I'll take that job. A libertarian on that commission would be nice.
Yay! Can we have another argument with some jackhole insisting that campaign finance reform isn't an infringement of First Amendment rights, just because SCOTUS and Congress got together and said so?
Yay! Can we have another argument with some jackhole insisting that campaign finance reform isn't an infringement of First Amendment rights, just because SCOTUS and Congress got together and said so?
Don't forget the POTUS had to sign it.
When I asked Santa for a three-some fuck-job, this is not what I meant...
Don't forget the POTUS had to sign it.
Yeah. Somewhere recently I was reading an essay decrying the current tendency of legislators and executives passing and signing blatantly unconstitutional bullshit and letting the courts decide the issue. It's an abdication of the responsibility you accept when you take the oath of office, and makes us all less free. Us normal peons citizens still have to deal with the law until it gets successfully litigated.

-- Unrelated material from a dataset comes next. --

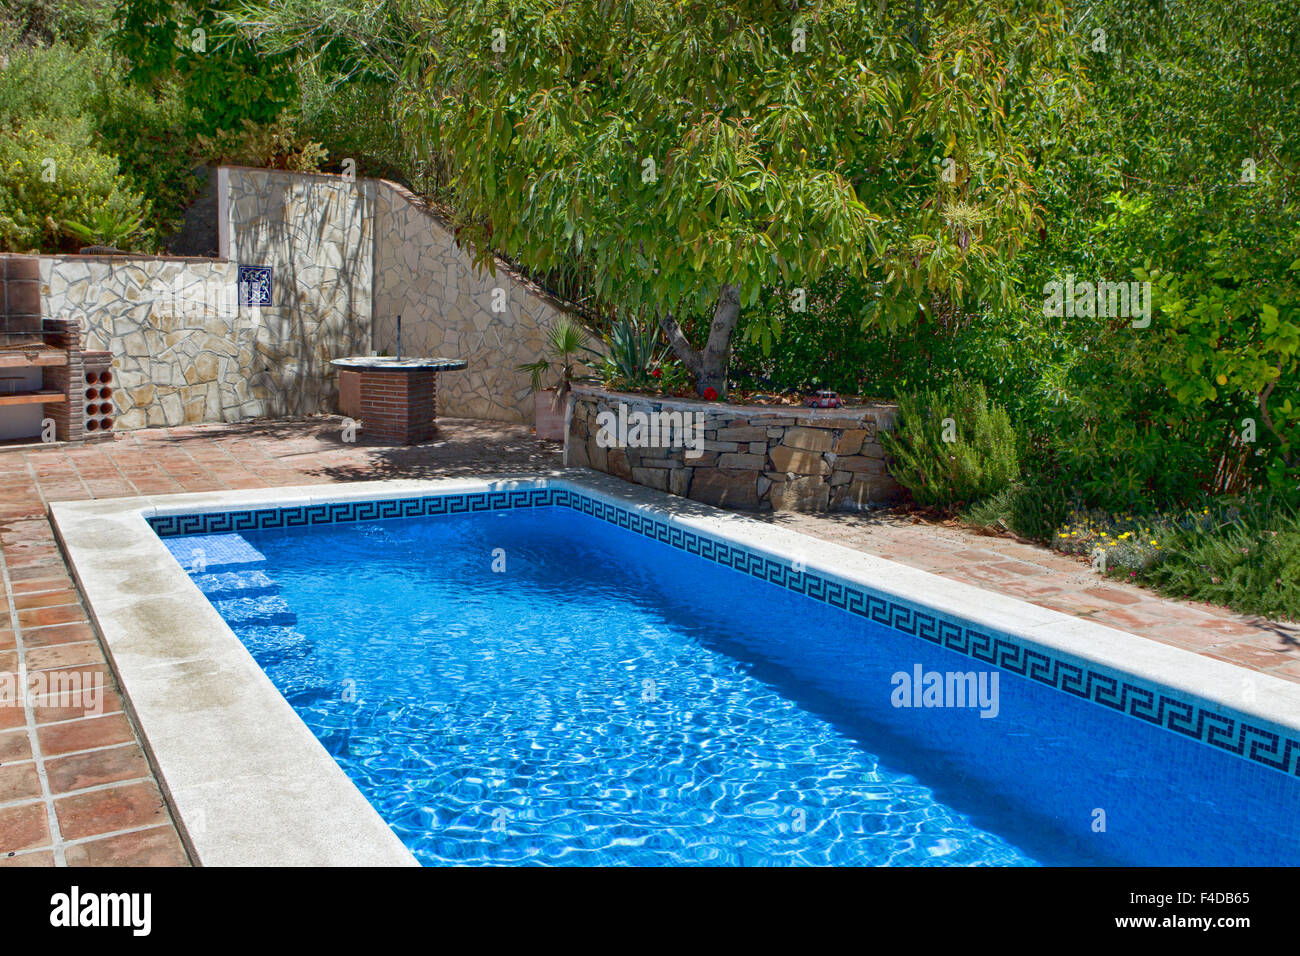 Swimming pool in Andalucian style villa in Competa, Malaga province, Spain Stock Photo
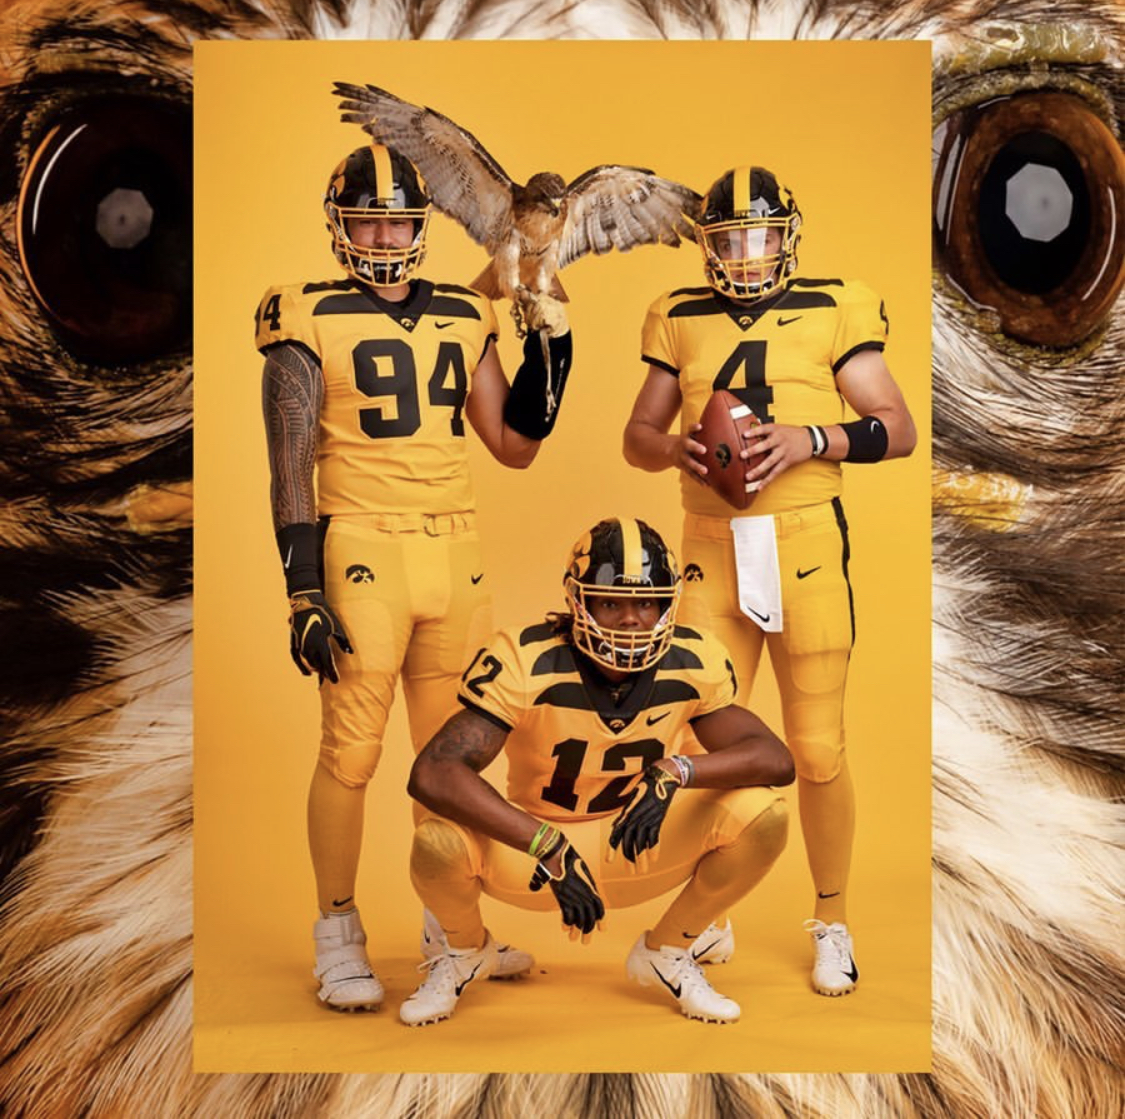 Hawkeyes uniforms: Iowa football team wears special gold 'winged

Why doesn't someone just solicit personal gifts, and then spend hir own money as s/he chooses? As long as there's no quid pro quo, there's no committee.
Why doesn't someone just solicit personal gifts, and then spend hir own money as s/he chooses?
Because they can't afford to pay income tax on the gifts themselves?
At what point do gifts (already taxed once as income) become income to somebody else?
And if this really is a problem, why not take the opposite tack of turning it into a business? You want to advertise for or against a policy? Just open an advertising agency, and sell such advertising. The people who would've been your donors become your customers. And you're taxed only on your profit, which may be 0. And if it's greater than 0, I'm sure you won't complain.
http://www.tmz.com/tmz_main_video?titleid=1417315744
That is the kind of speech that needs protecting. (threadjack)
Oh, this is even funnier. My recollection was faulty. The recipient does not owe taxes on the gift. The donor may owe a federal gift tax.
So if you give away the money you already made and got taxed on, the feds will tax you again.
BUWAHAHAHAHAHAHAHAHA!
I'm sorry, I have to laugh or I'd be downtown at the federal building with a pack of matches, a bucket of gasoline, and a rifle.
Can we have another argument with some jackhole insisting that campaign finance reform isn't an infringement of First Amendment rights, just because SCOTUS and Congress got together and said so?
I prefer debates where armchair constitutional scholars who opine on the constitutionality of a law that they haven't read and cases that they haven't read or don't understand.
Notwithstanding you lack of understanding of constitutional law, T, we are actually in agreement on this one. This interpretation will be overturned. As it should be.